Кряхтя, я слез со стола и привел себя в порядок. Потом поцеловал ручку медсестре (она засмеялась) и подошел к доктору.
– Спасибо, философ – сказал я. – А все же, вот если это окажется…
– Слушай, – сказал он нетерпеливо, – постарайся поменьше произносить это слово. Я-то врач, мне можно. А тебе нужно помнить, как это… Ангелы слышат мысли, а…
– …а бесы – слова, – подхватил я.
– Вот, – сказал он и улыбнулся. Мы пожали друг другу руки.
– …И в лицо посмотрел со значением, – процитировал я напоследок.
– Вот именно, – кивнул он.
Я повернулся к госпоже Мозес и, склонив голову, щелкнул каблуками воображаемых сапог. И тут же скривился от боли.
– Осторожненько, – сказала она, – полегонечку… И не гони волну, все образуется. Так или иначе.
– Лучше так, чем иначе, – искательно заглядывая ей в глаза, начал я, но тут открылась дверь, и в операционную ввалилось существо лет пятидесяти, со взлохмаченными космами полуседых волос и безумным взглядом выпученных глаз. Существо тащили под руки двое дюжих санитаров. Еще одна жопа, мелькнула мысль, и я по стенке – бочком, бочком, – выскользнул из комнаты. Дверь автоматически захлопнулась следом за мной.
…Я подходил к выходу из больницы. За окнами синело небо, под легким ветерком безмятежно раскачивались чудесные цветы на газонах в больничном саду. Под влиянием ли паров выпитого спирта у меня значительно улучшилось настроение. Нужно добавить, подумалось мне. Я потер себя сзади.
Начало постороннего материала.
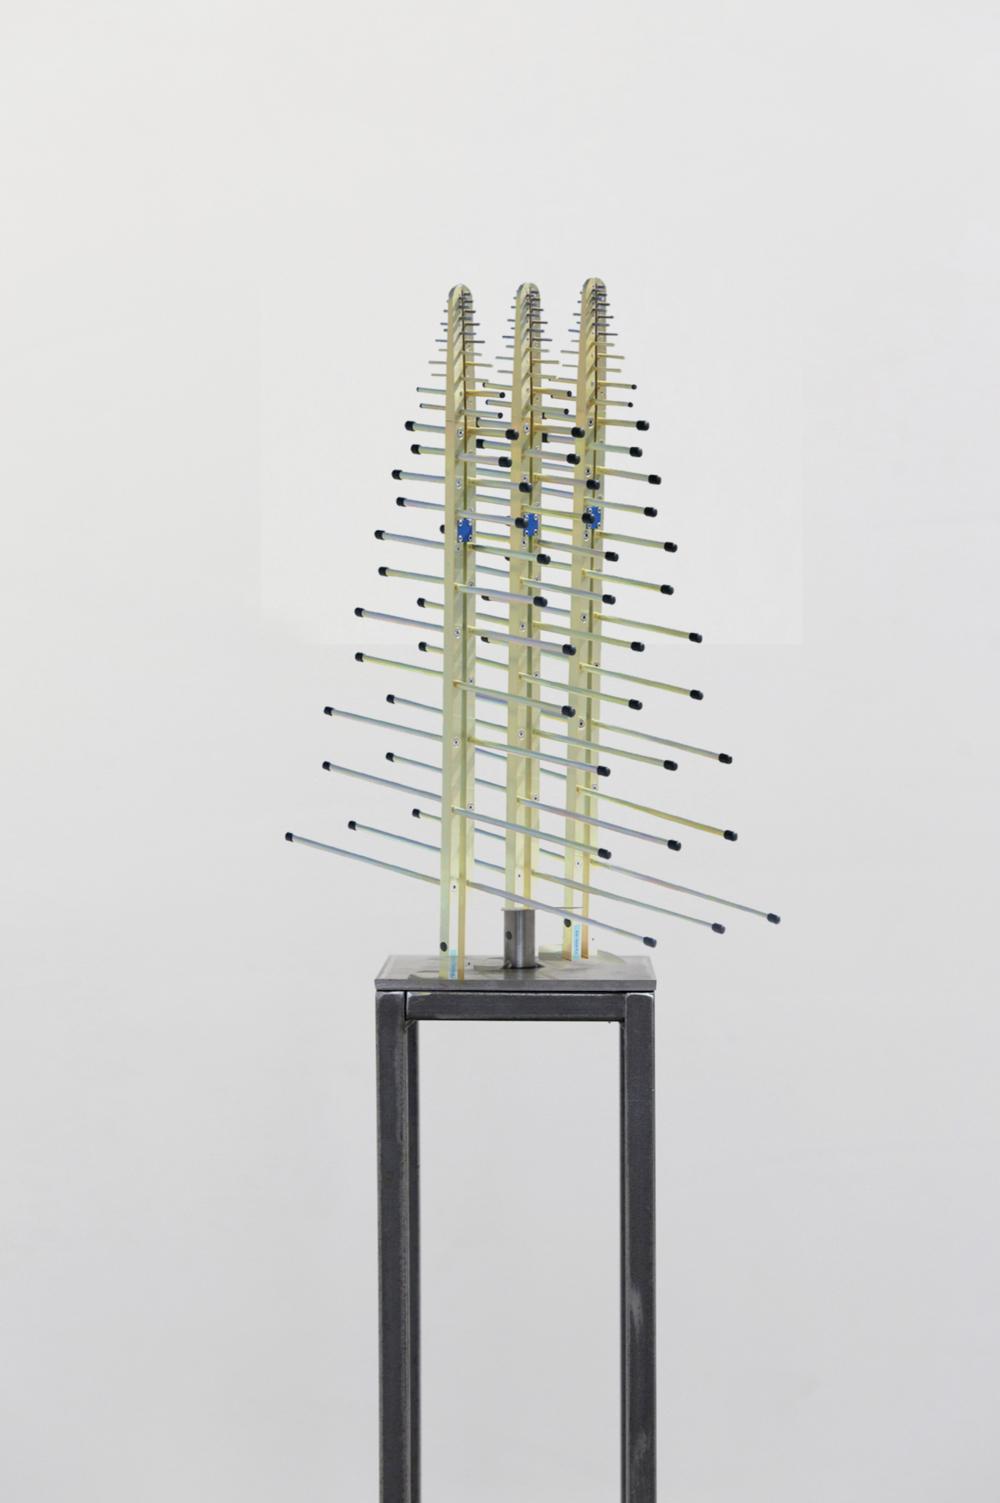 4D Tentacles, Yellow Zinc, Steel, Plastic, 2018
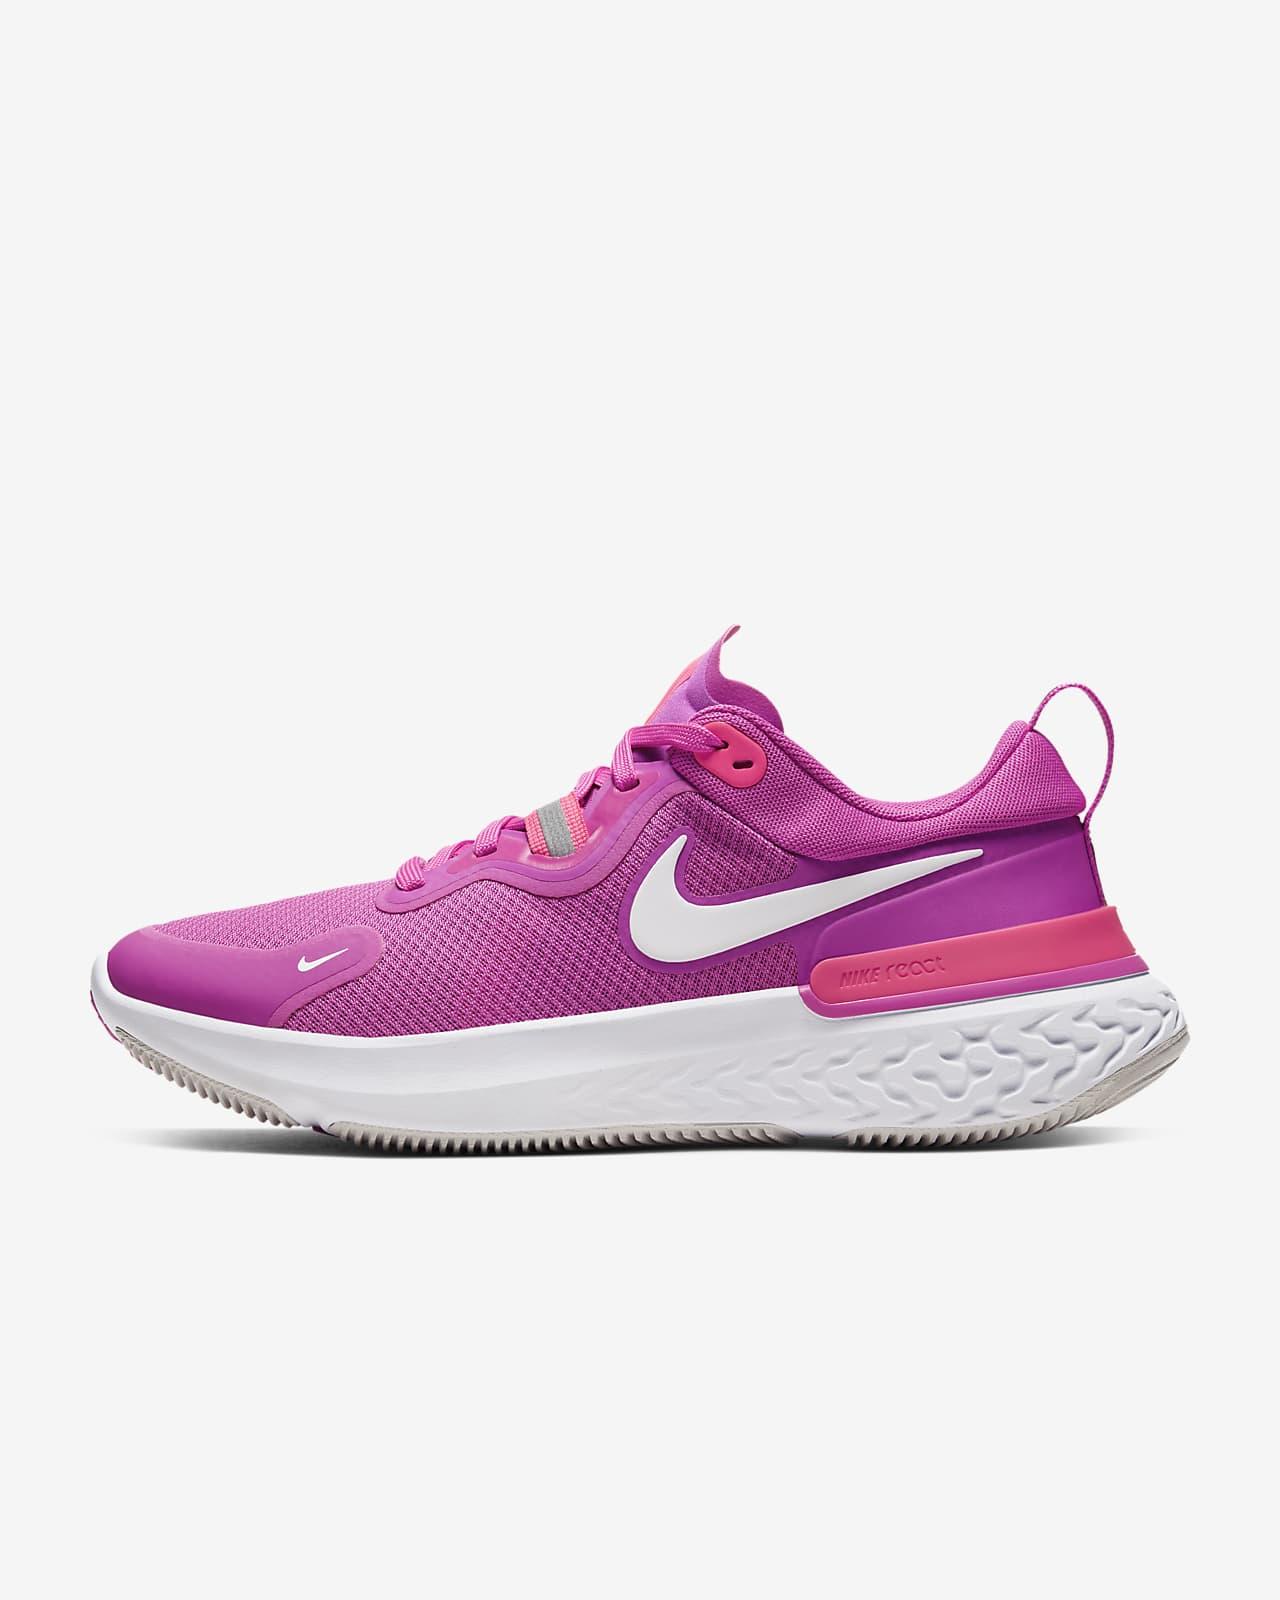 Damskie buty do biegania Nike React Miler

Я вспомнил рецепт Воланда, потом семерых китайских пьяниц, именуемых Мудрецами бамбуковой рощи, потом – безо всякого перехода – пришел на ум отрывок из повести о Ходже Насреддине:
– Так в чем же препятствие? – дружелюбно и радостно сказал эмир. – Сейчас мы позовем лекаря, он возьмет свои ножи, и ты удалишься с ним куда-нибудь в уединенное место, а мы тем временем прикажем написать указ о назначении тебя главным евнухом.
И тут я понял, что именно этим – синющим небом, цветами на клумбах, бамбуковыми мудрецами и возмутителем спокойствия из древней Бухары – сигнализирует мне Господь, весь в синих молниях, – Господь, которого так тщетно призывал я утром. Жизнь была прекрасной. Она была вечной. “Жизнь!” – заорал я, и охранник у выхода, попятившись, схватился за пистолет.
Я закинул голову, захохотал и вывалился на улицу, в неяркое полуденное солнце, ласковый ветер и запахи цветов.